• [Problem statement] Print the listing as it stands, omitting all images.

• [Source material]
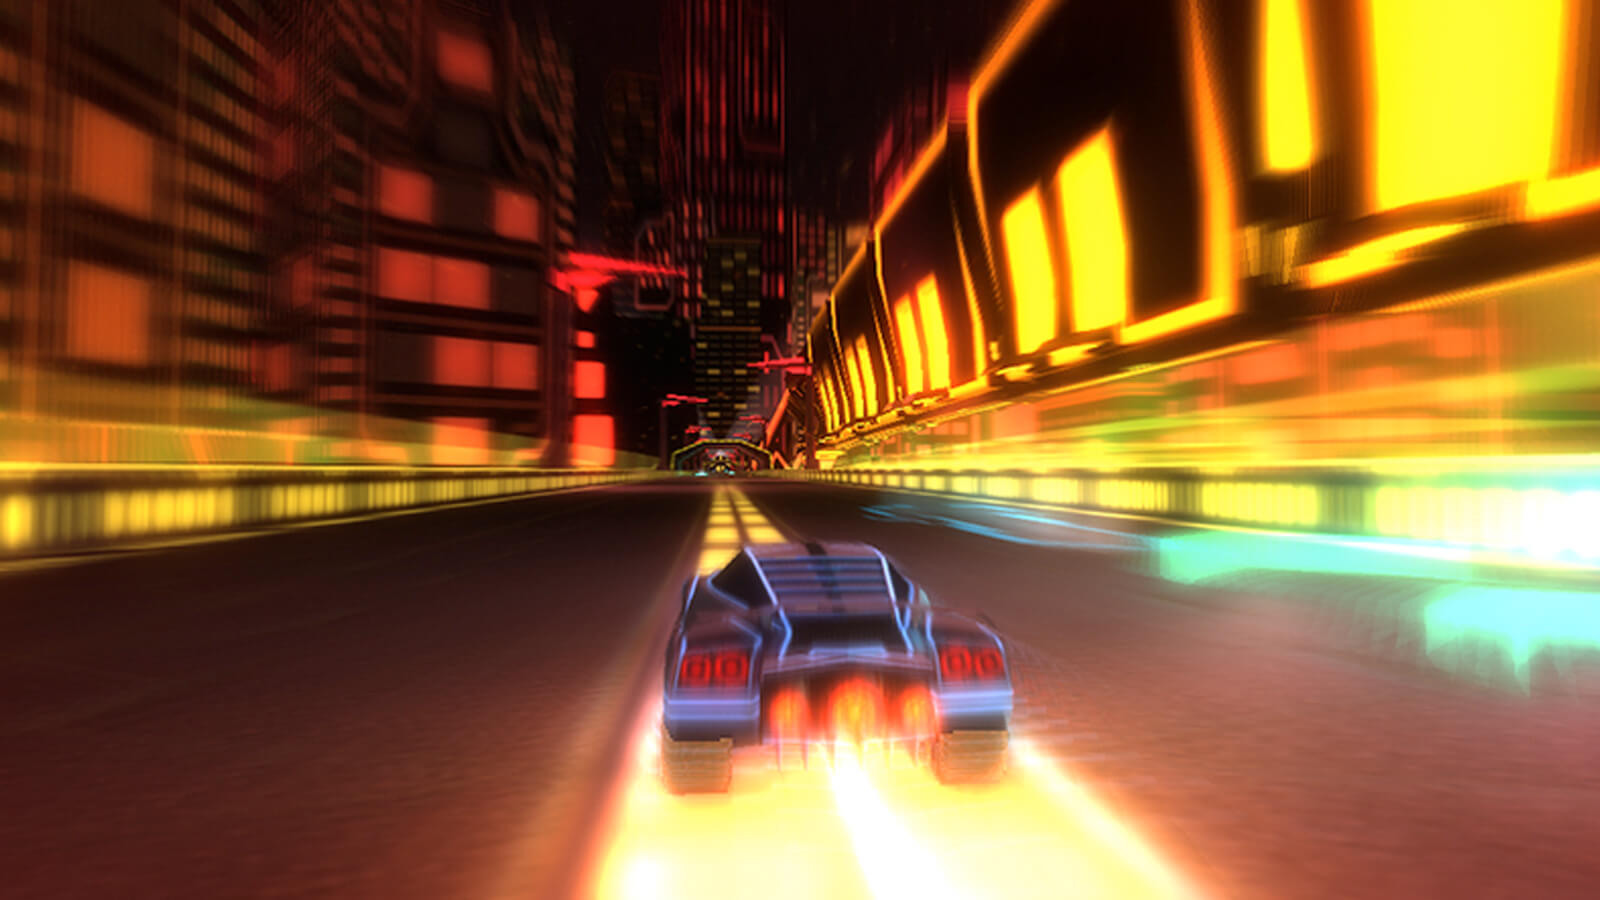 A car speeds through a glowing, futuristic cityscape.
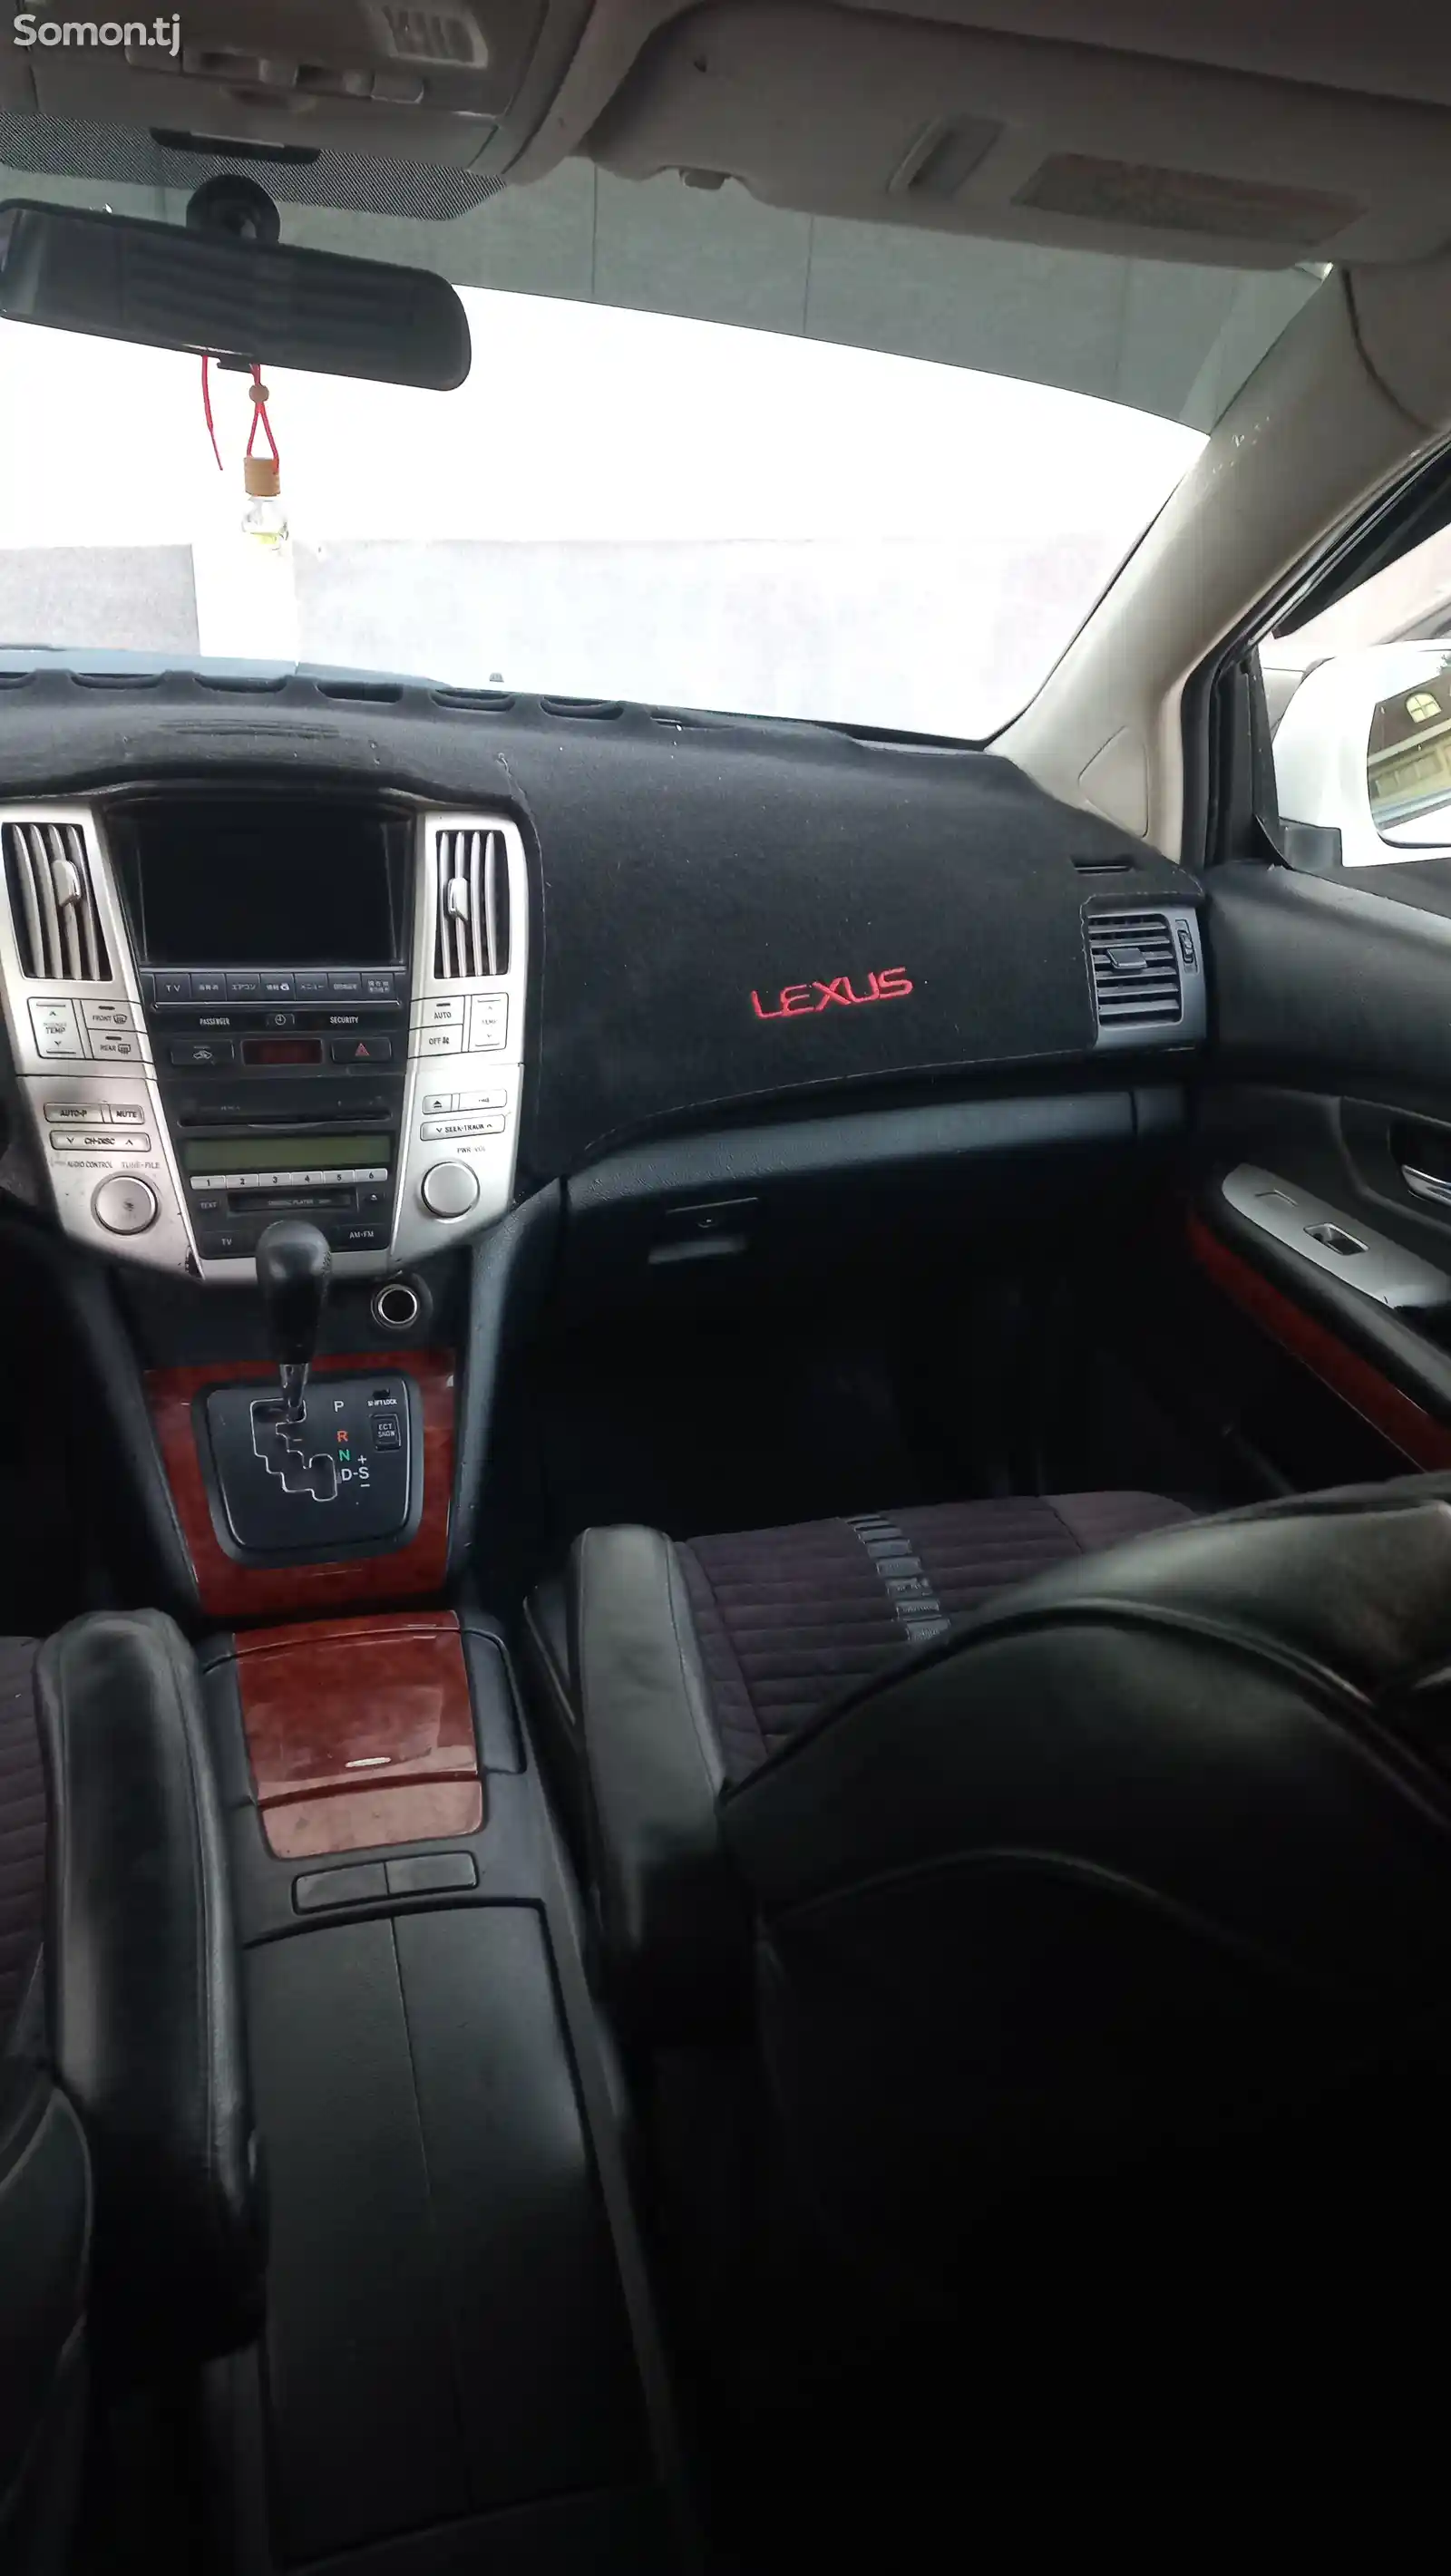 Lexus RX series, 2005-2
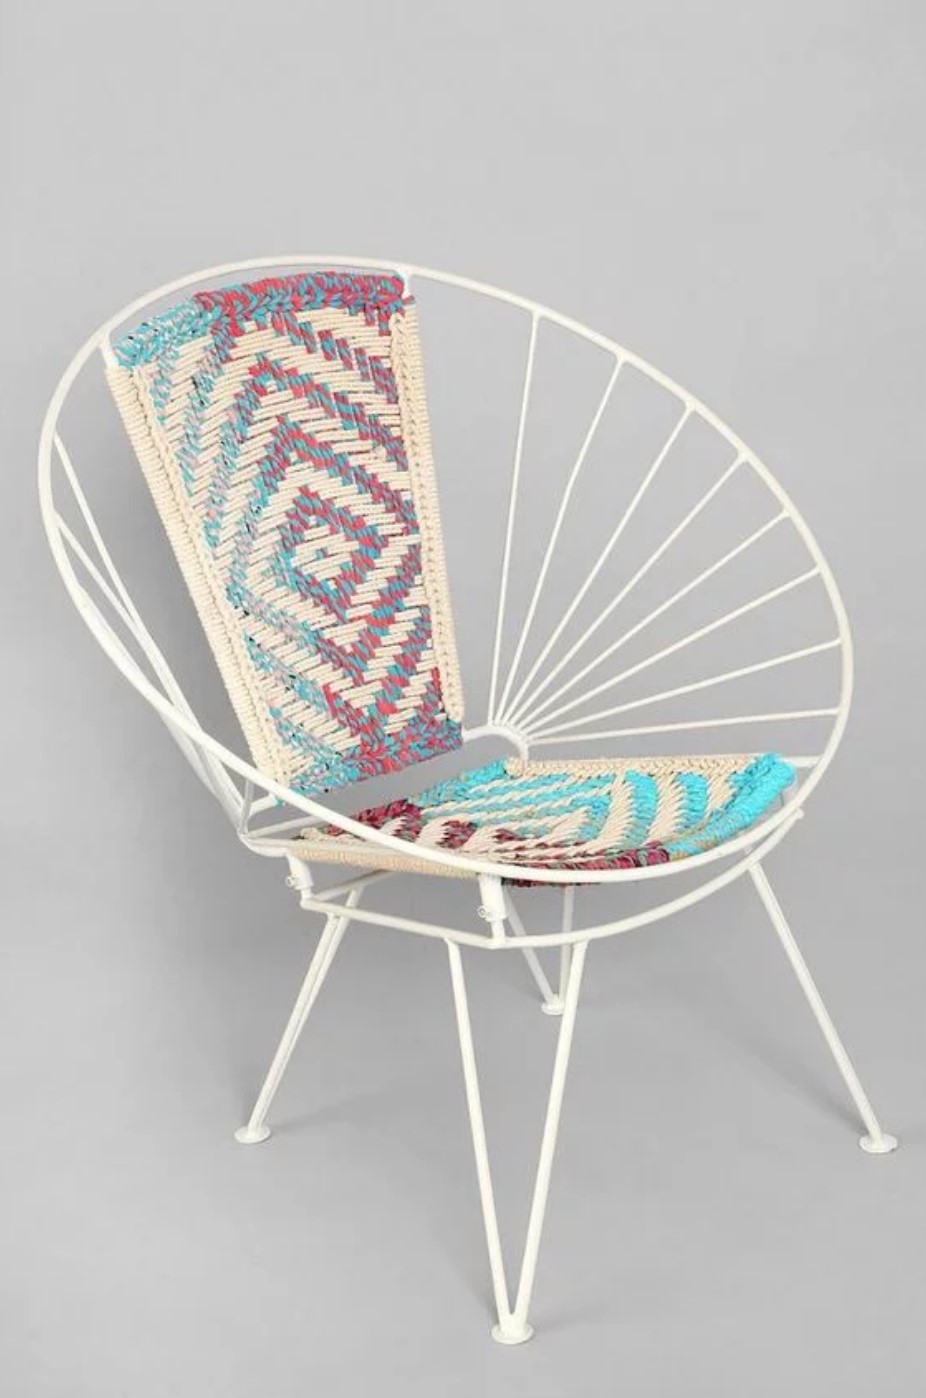 Acapulco woven chair

• [Output]
 A car speeds through a glowing, futuristic cityscape.
 Lexus RX series, 2005-2
 Acapulco woven chair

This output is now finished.